_REQUIRED WORK:_
Copy out exactly, from the entries that follow, the line holding "Merrell Men's Moab", the line holding "Сертификат на Bittner", and all lines between them, but no pictures.

_INFORMATION SUPPLIED:_
■ ■ ■

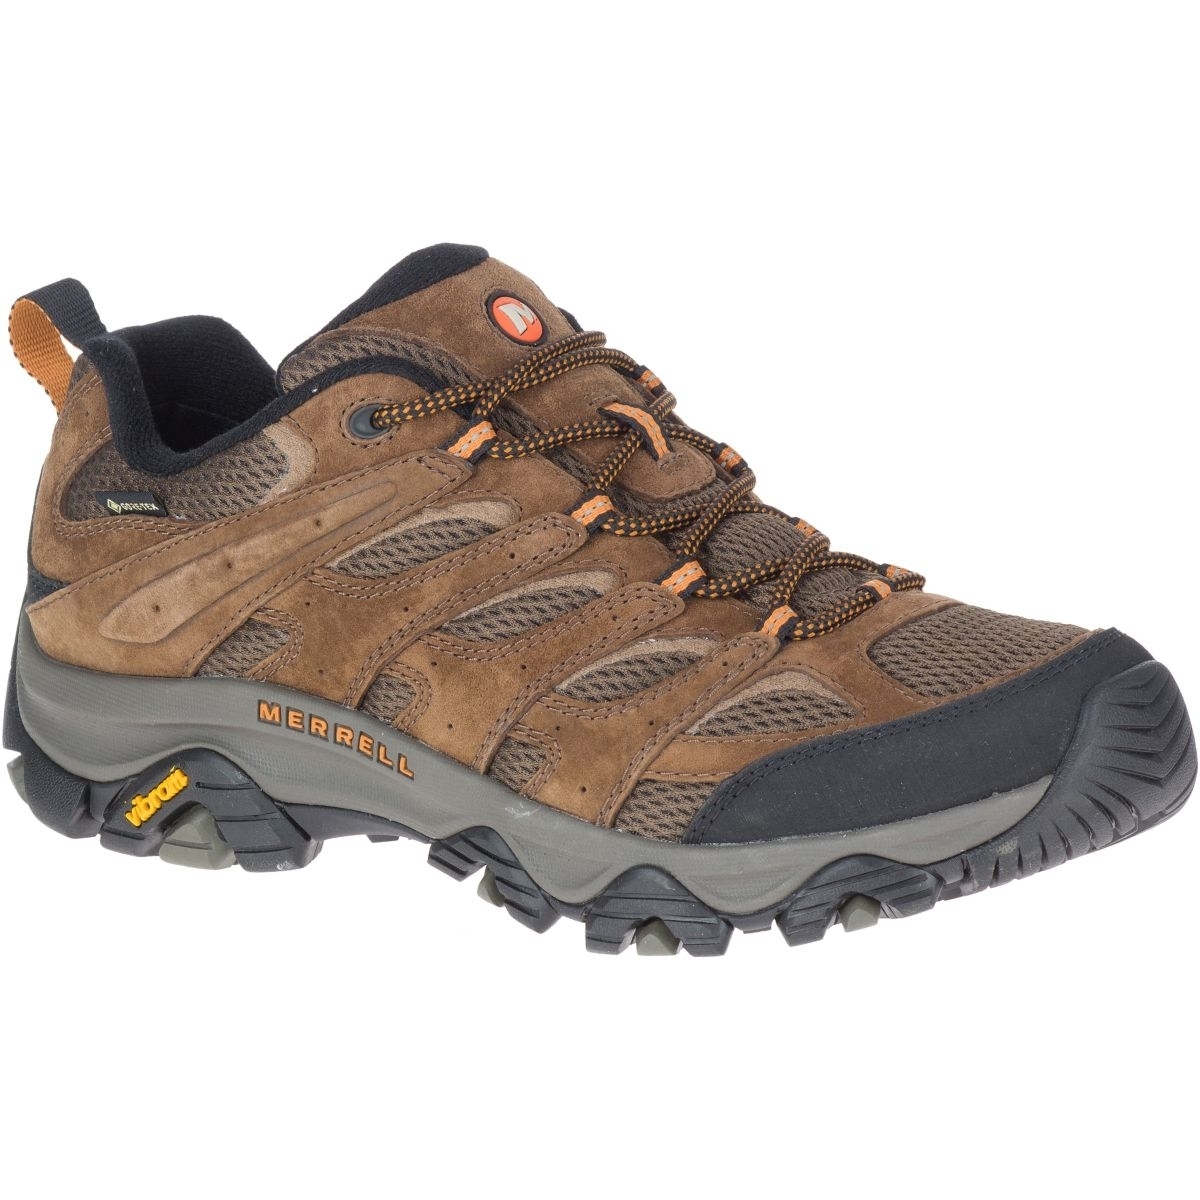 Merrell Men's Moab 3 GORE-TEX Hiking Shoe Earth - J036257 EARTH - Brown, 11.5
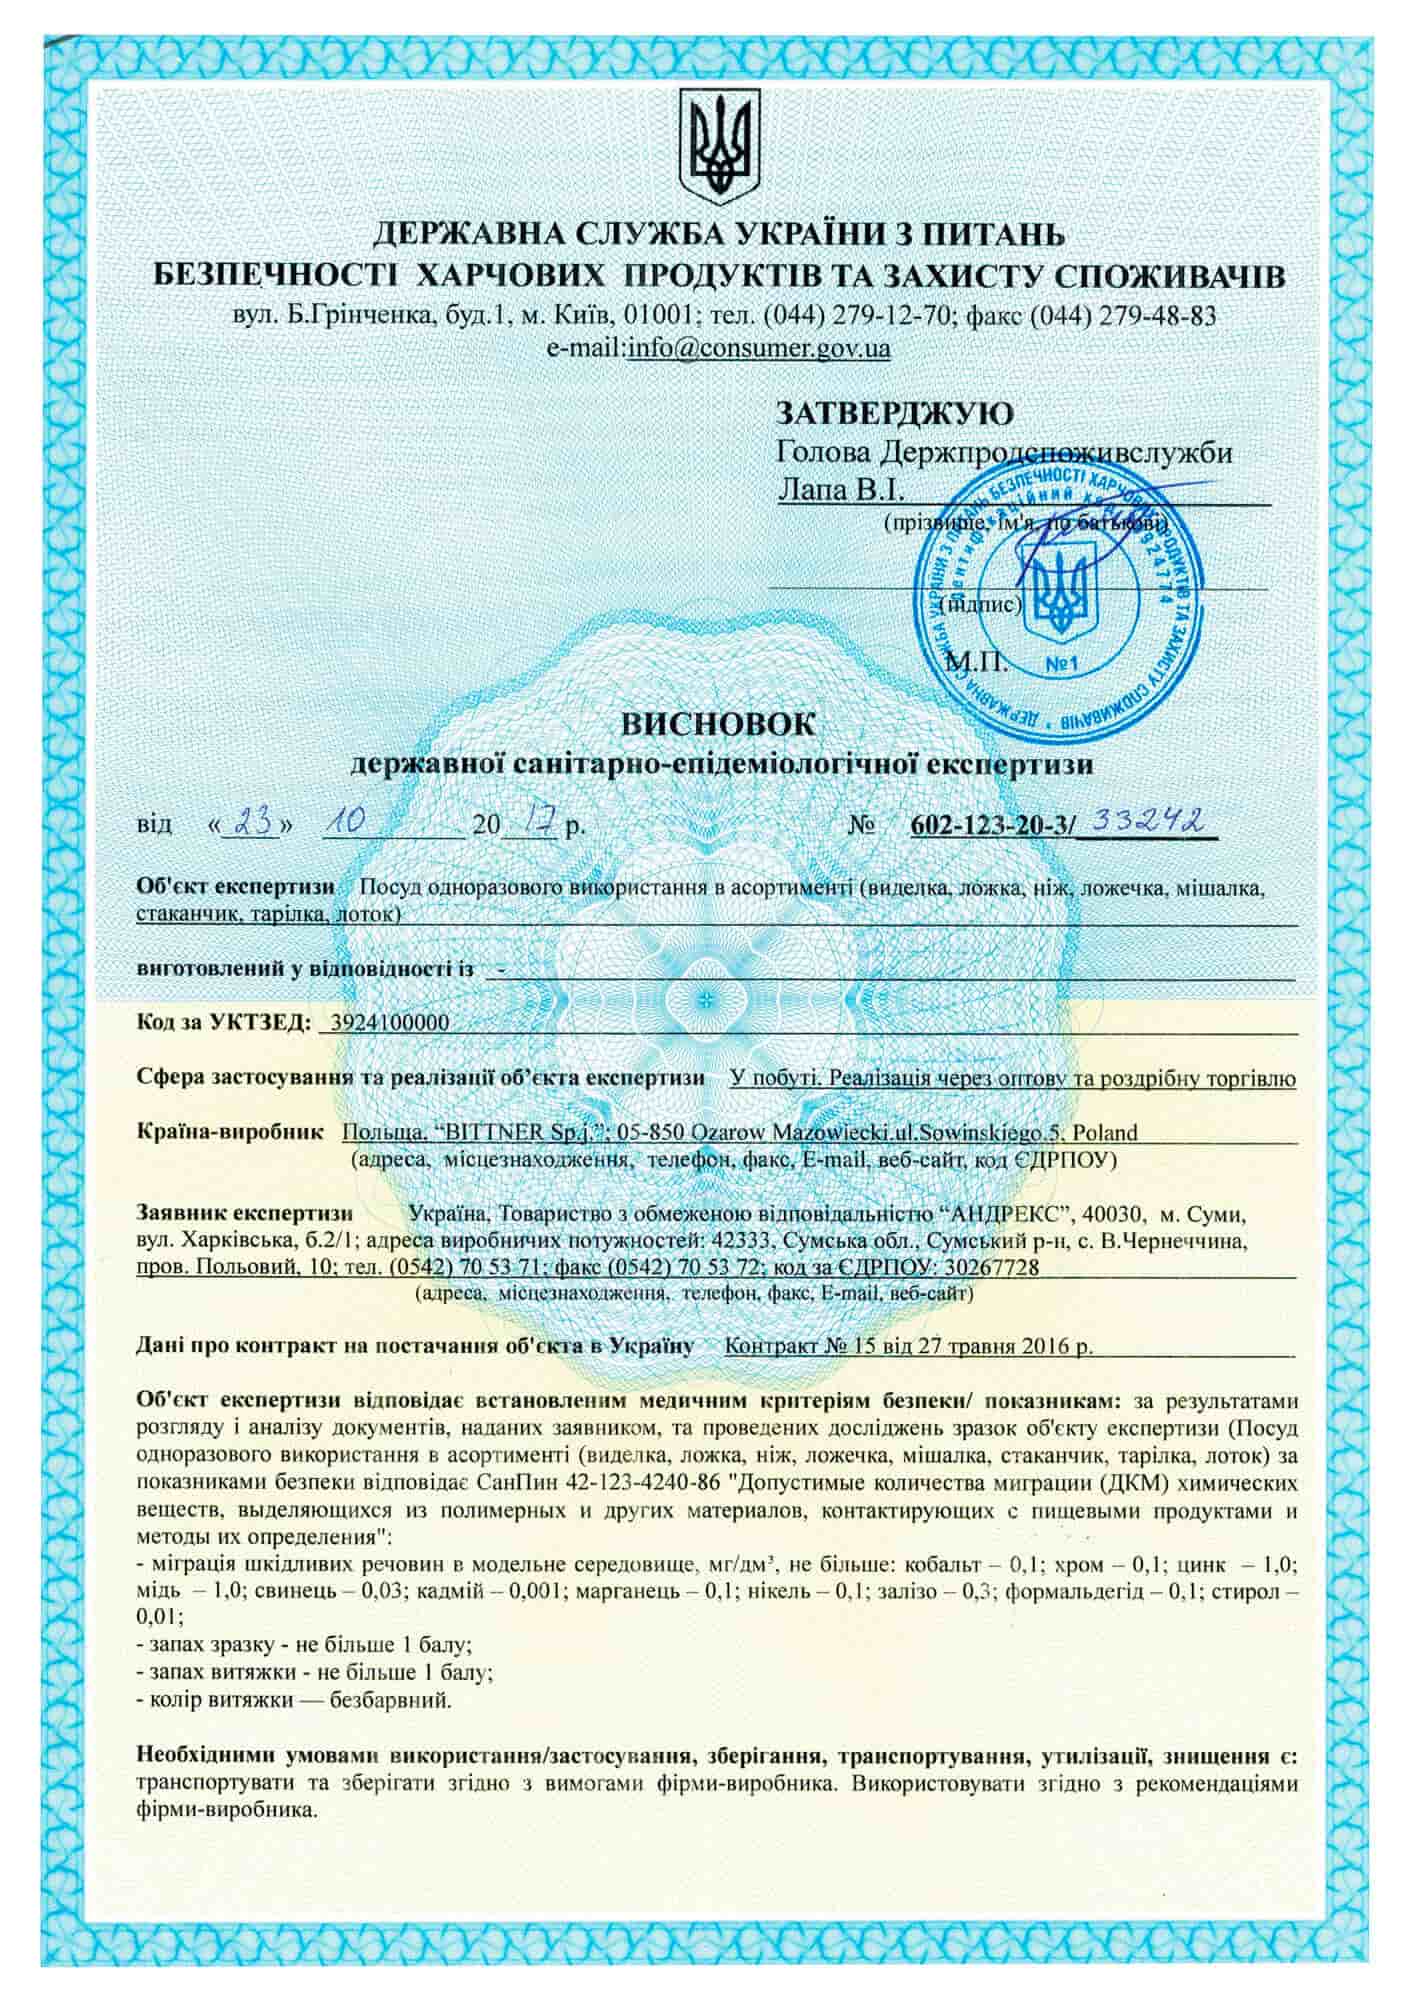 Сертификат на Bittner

■ ■ ■

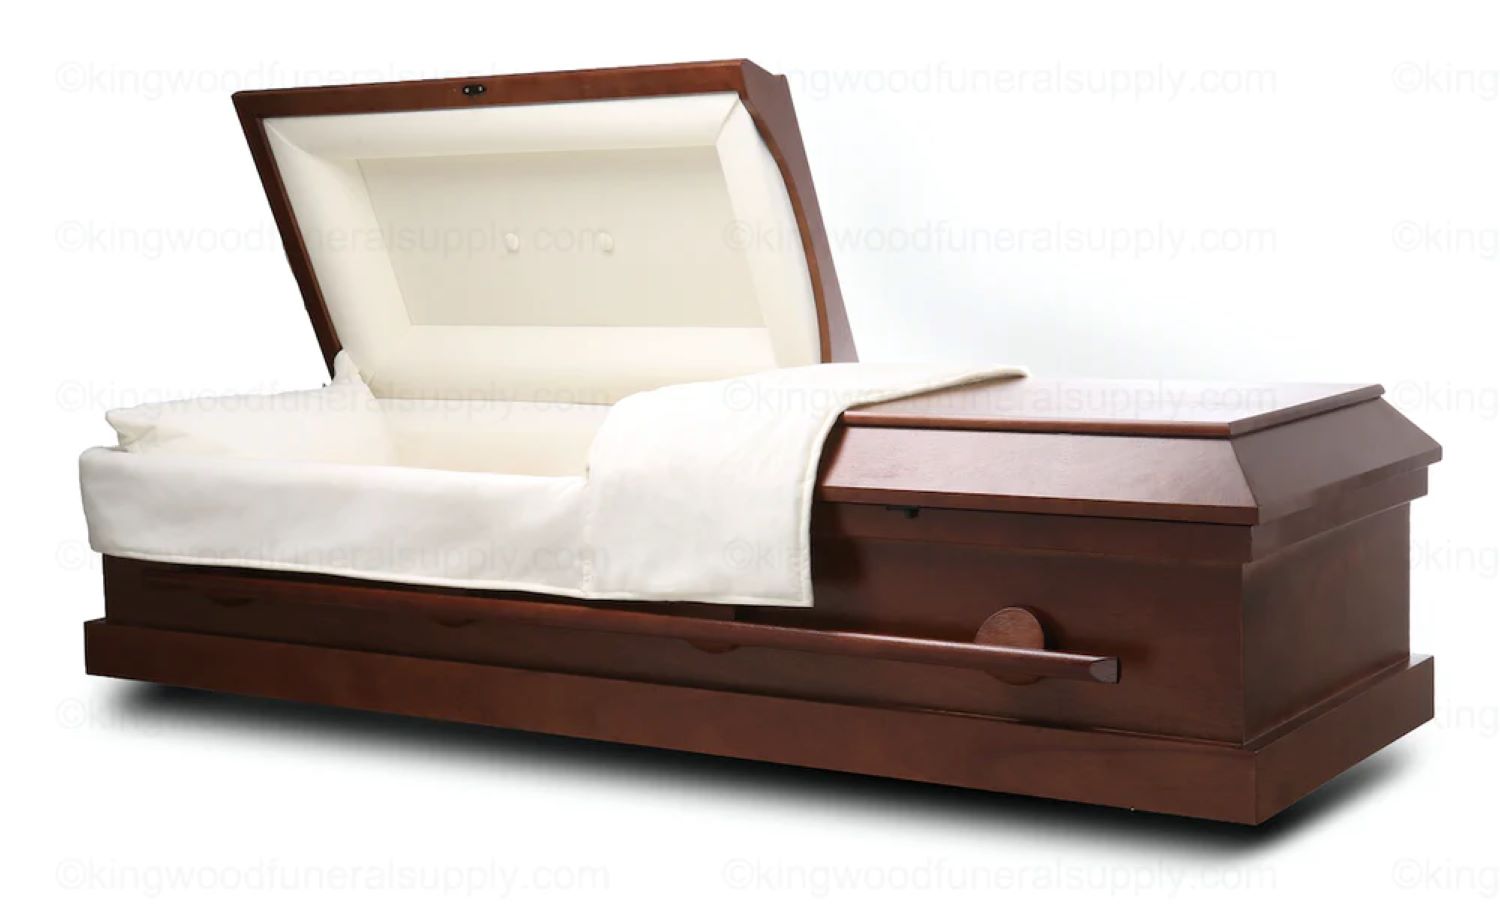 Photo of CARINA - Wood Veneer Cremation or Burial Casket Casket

■ ■ ■

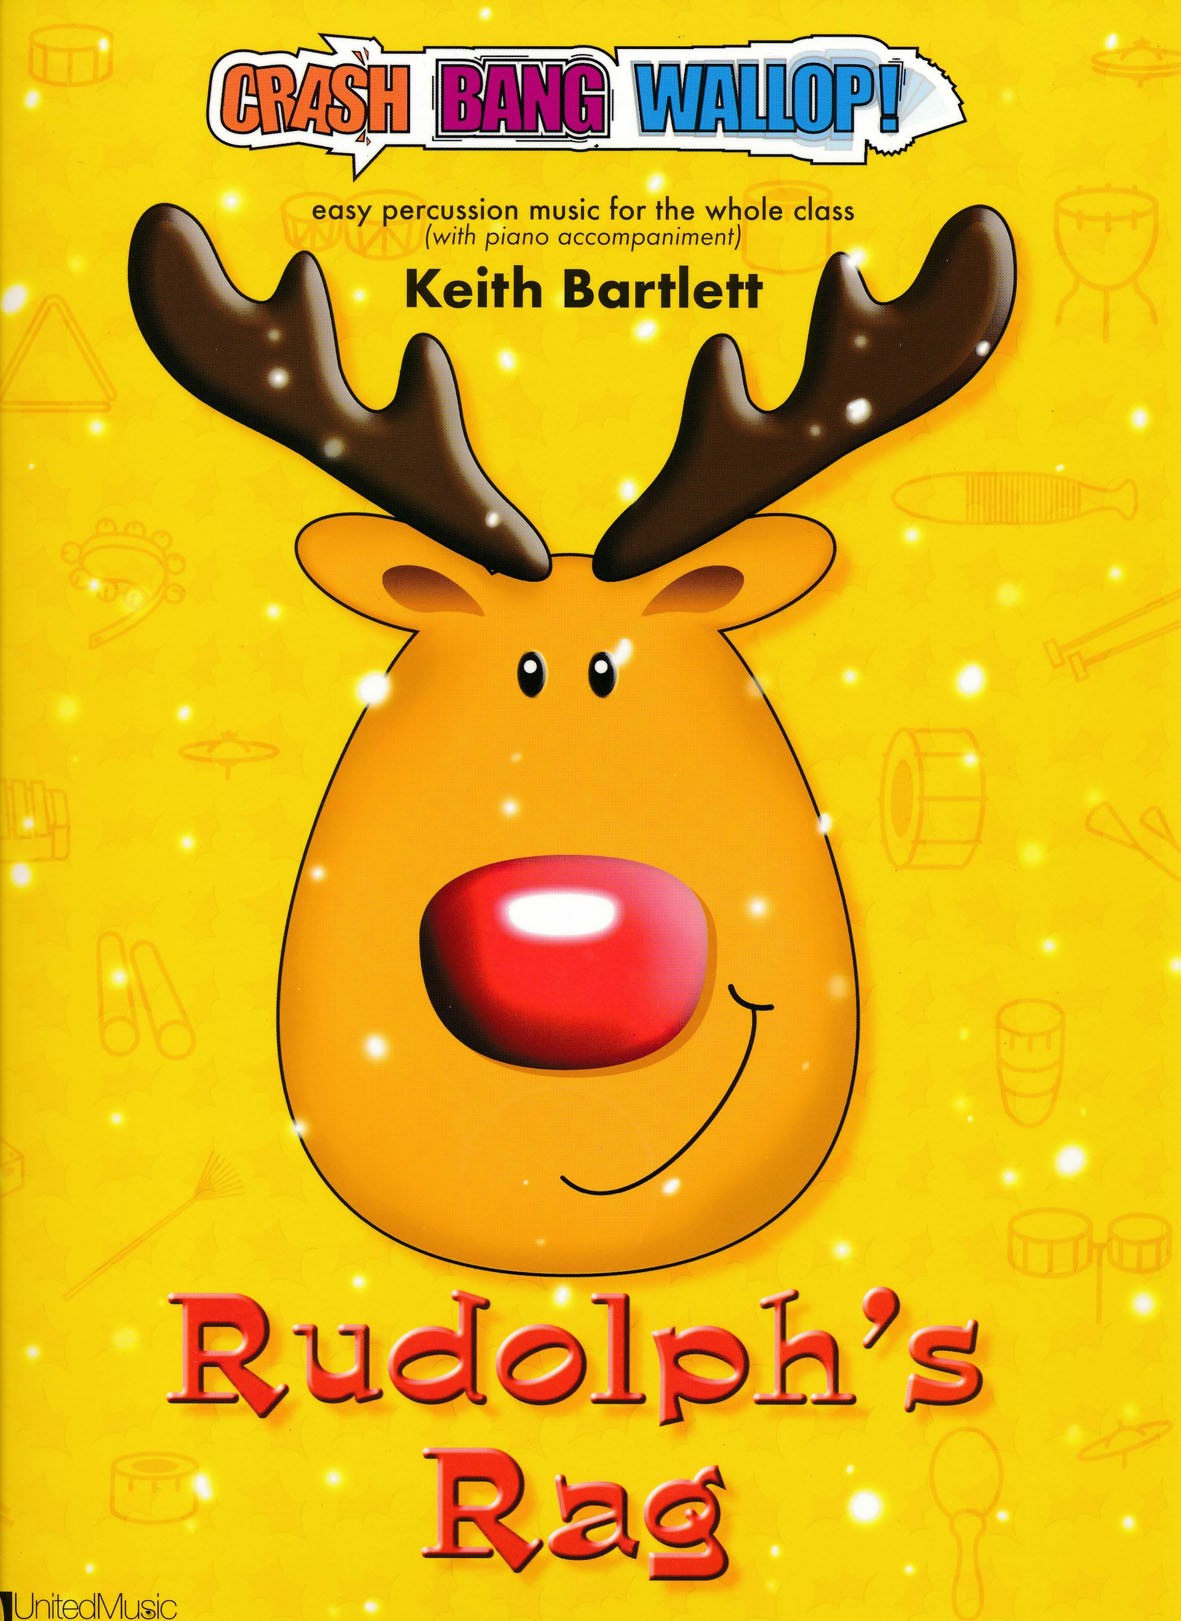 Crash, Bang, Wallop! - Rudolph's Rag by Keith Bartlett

■ ■ ■

_TASK RESULT:_
 Merrell Men's Moab 3 GORE-TEX Hiking Shoe Earth - J036257 EARTH - Brown, 11.5
 Сертификат на Bittner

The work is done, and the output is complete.